*Data extract*:
##############################

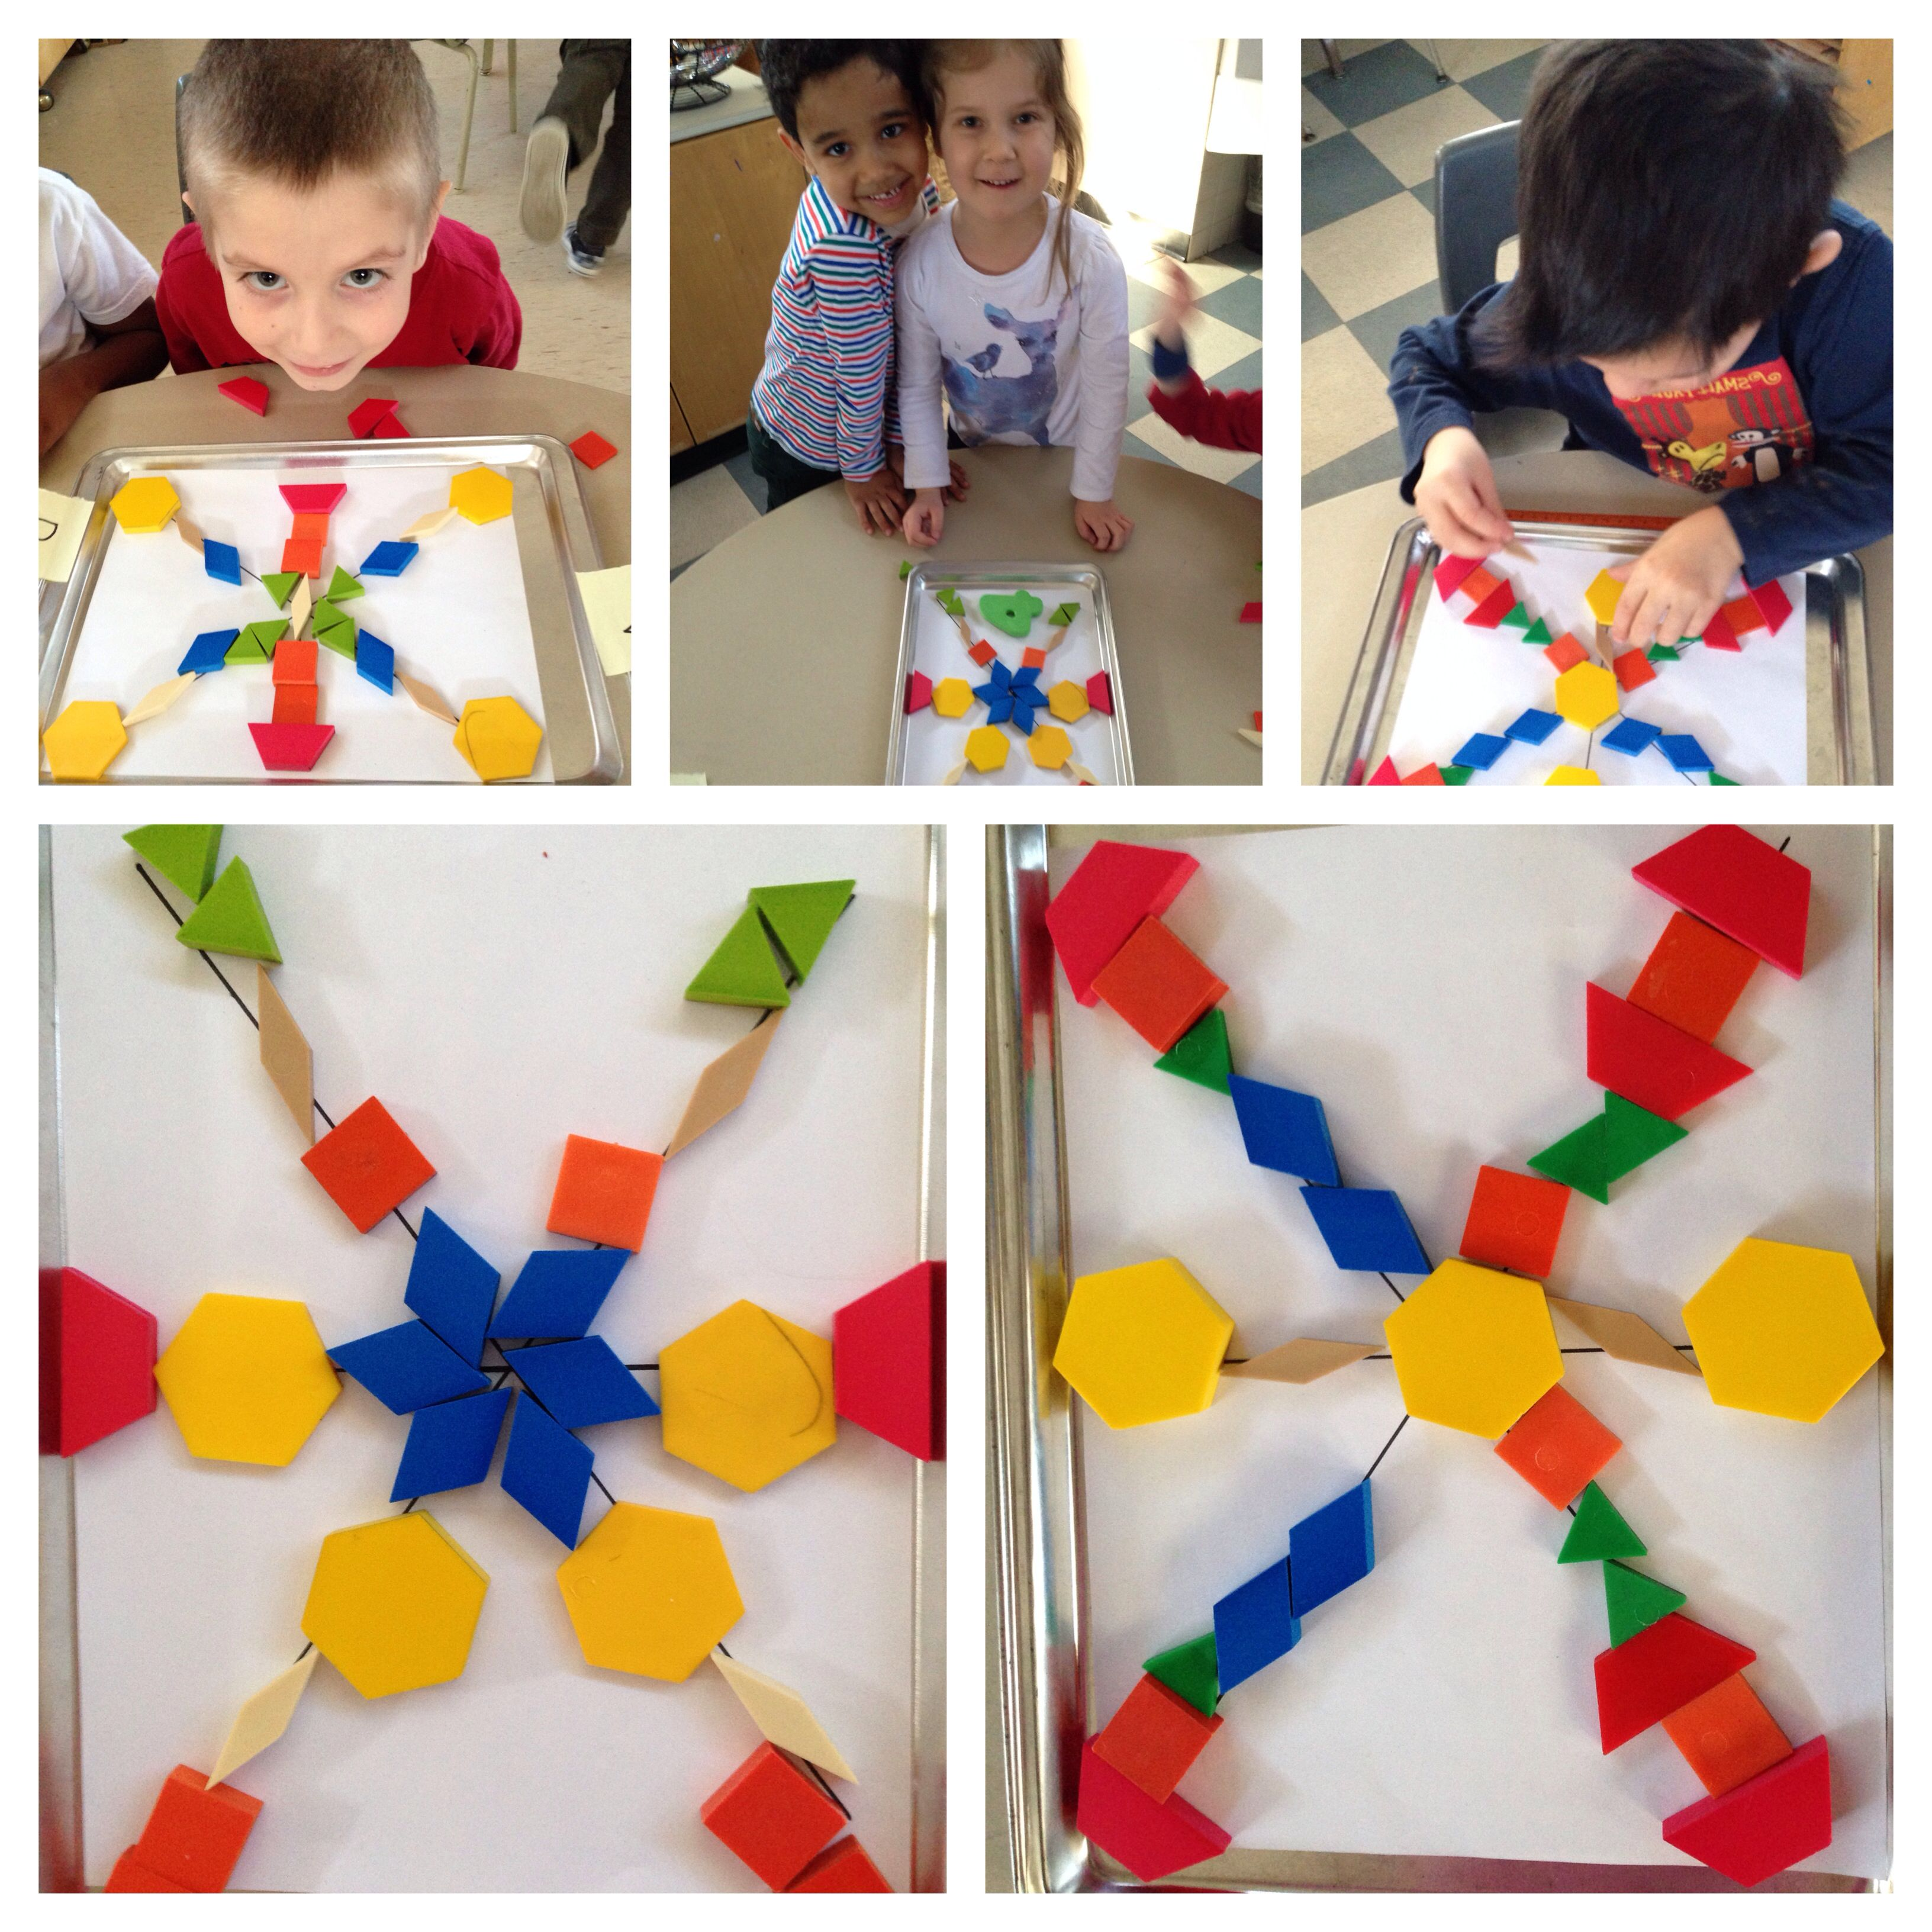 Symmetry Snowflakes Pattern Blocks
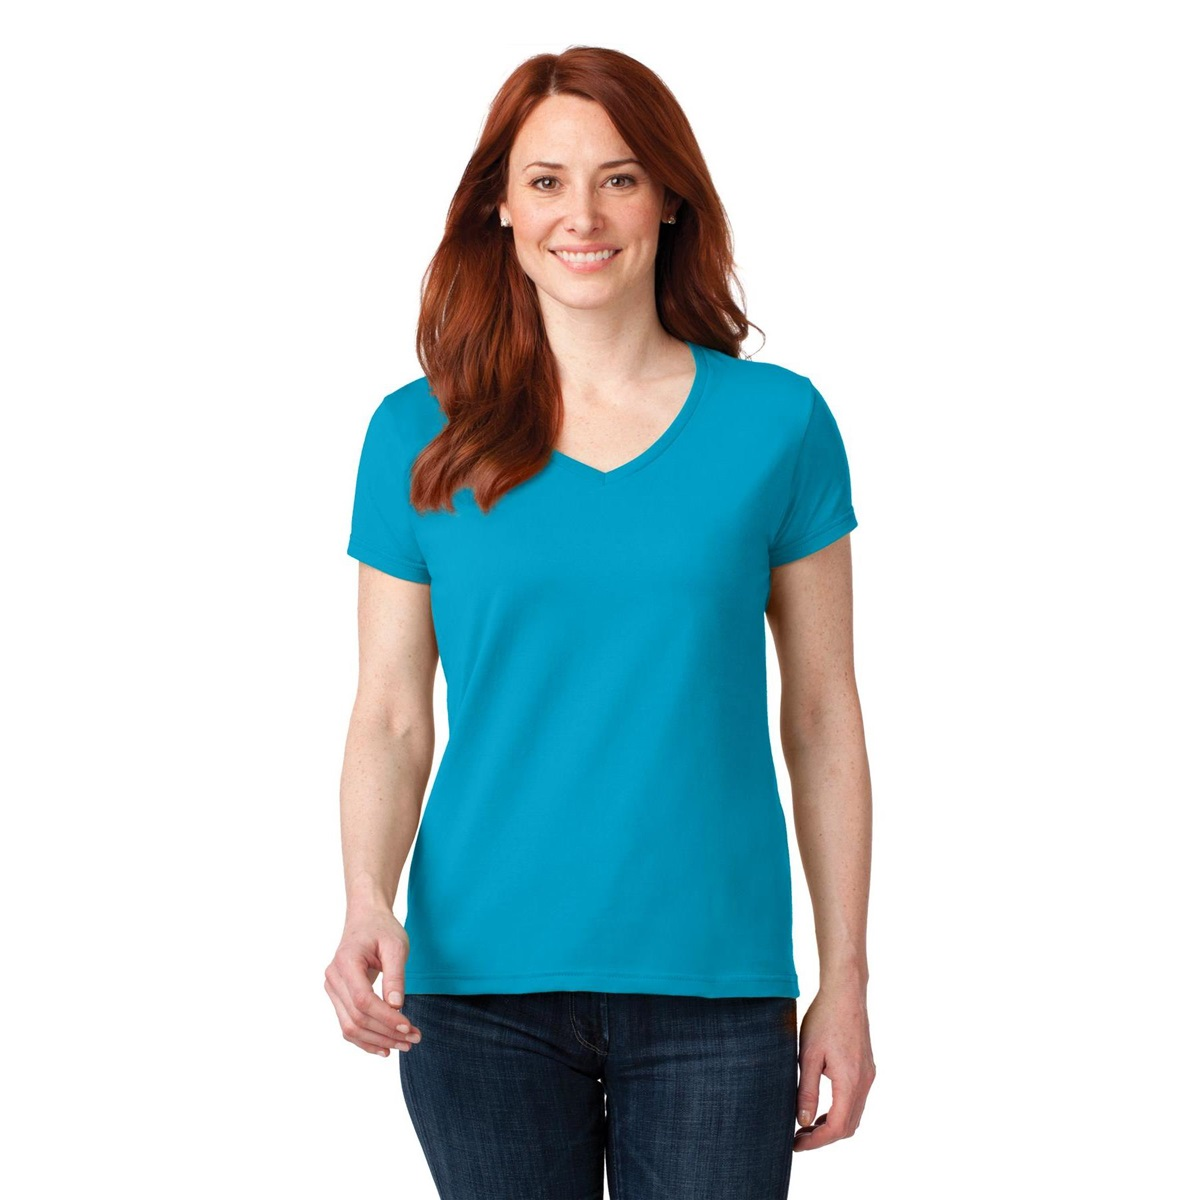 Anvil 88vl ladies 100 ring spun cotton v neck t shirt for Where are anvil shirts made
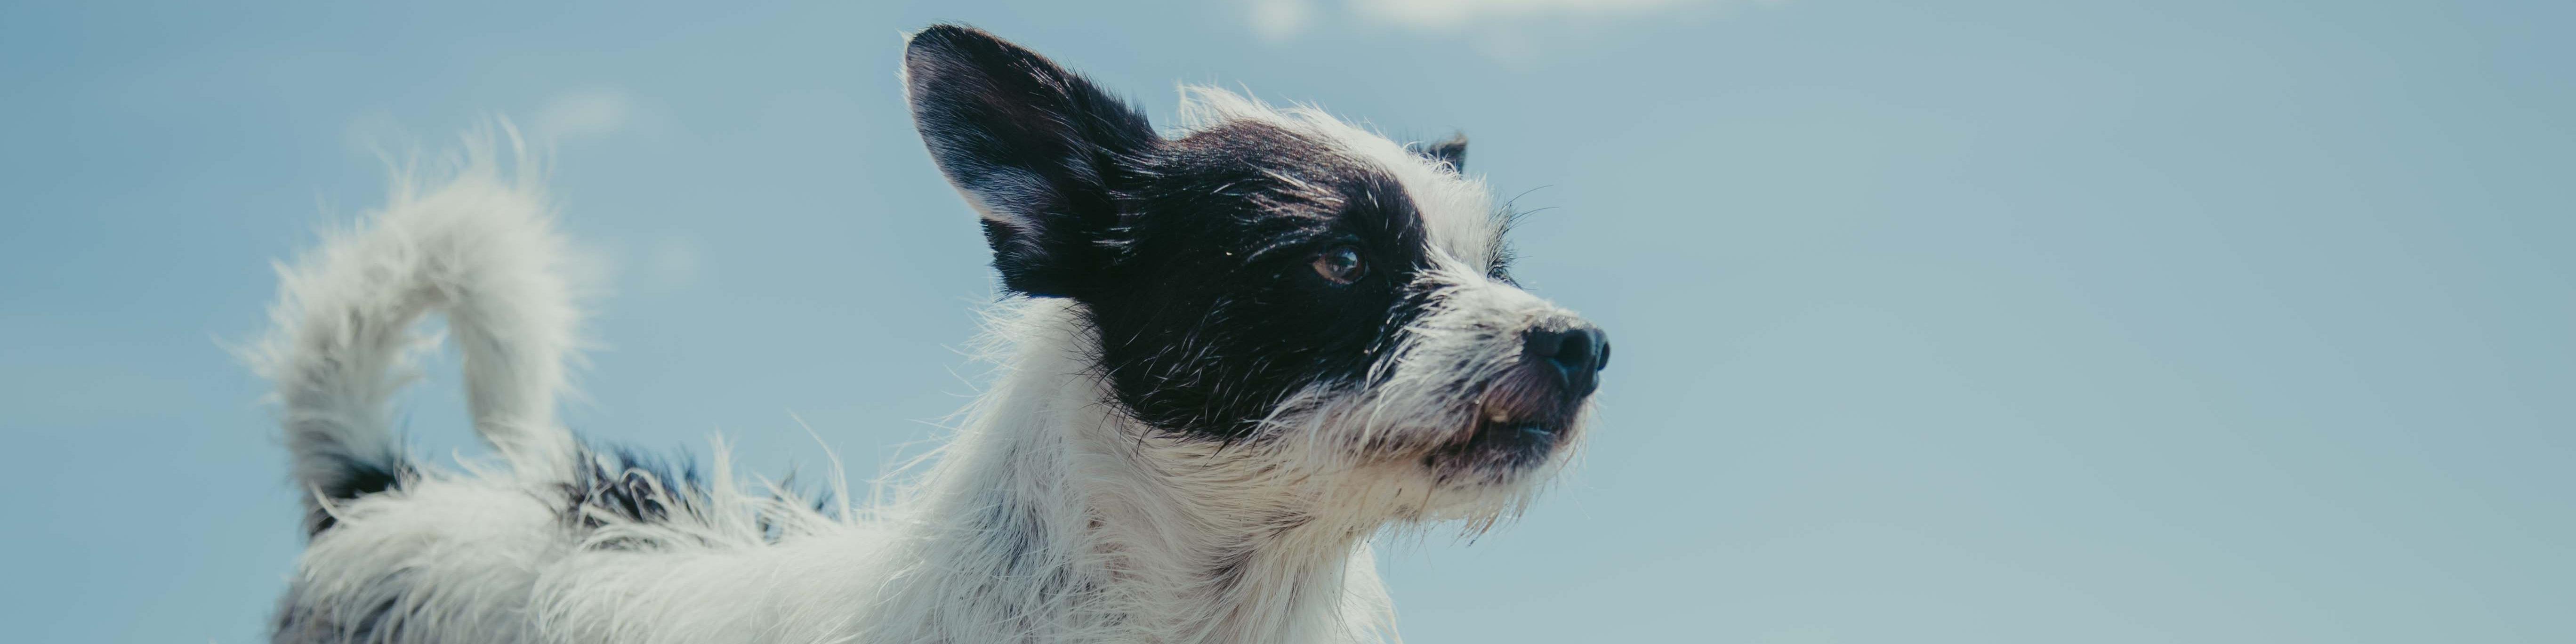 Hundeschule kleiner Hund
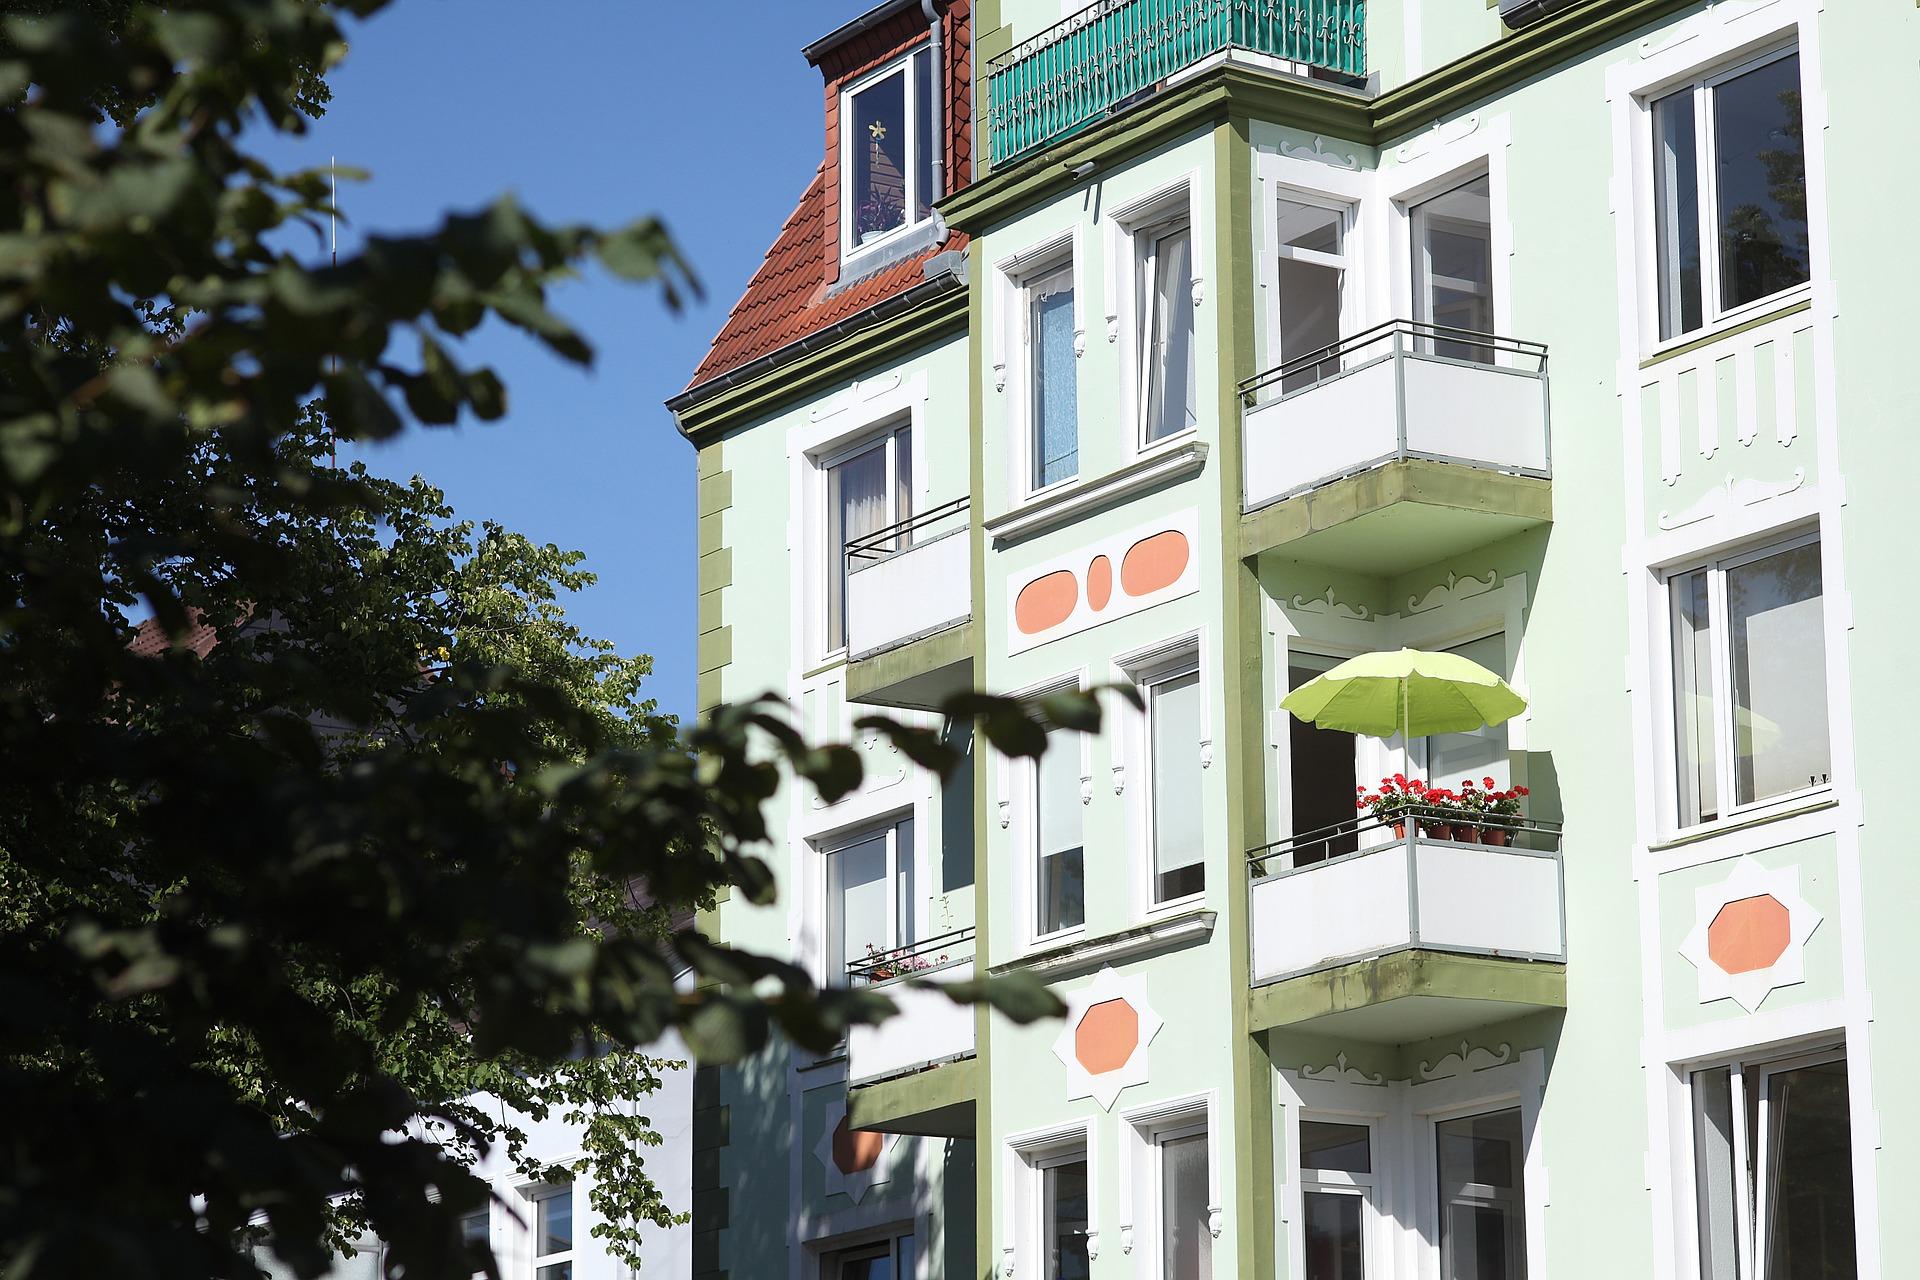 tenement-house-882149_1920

##############################

*Requirement*:
Repeat word for word only the lines from the line holding "Hundeschule kleiner Hund" to the final line of the material, both included. Don't carry over any picture.

*The completed task*:
 Hundeschule kleiner Hund
 tenement-house-882149_1920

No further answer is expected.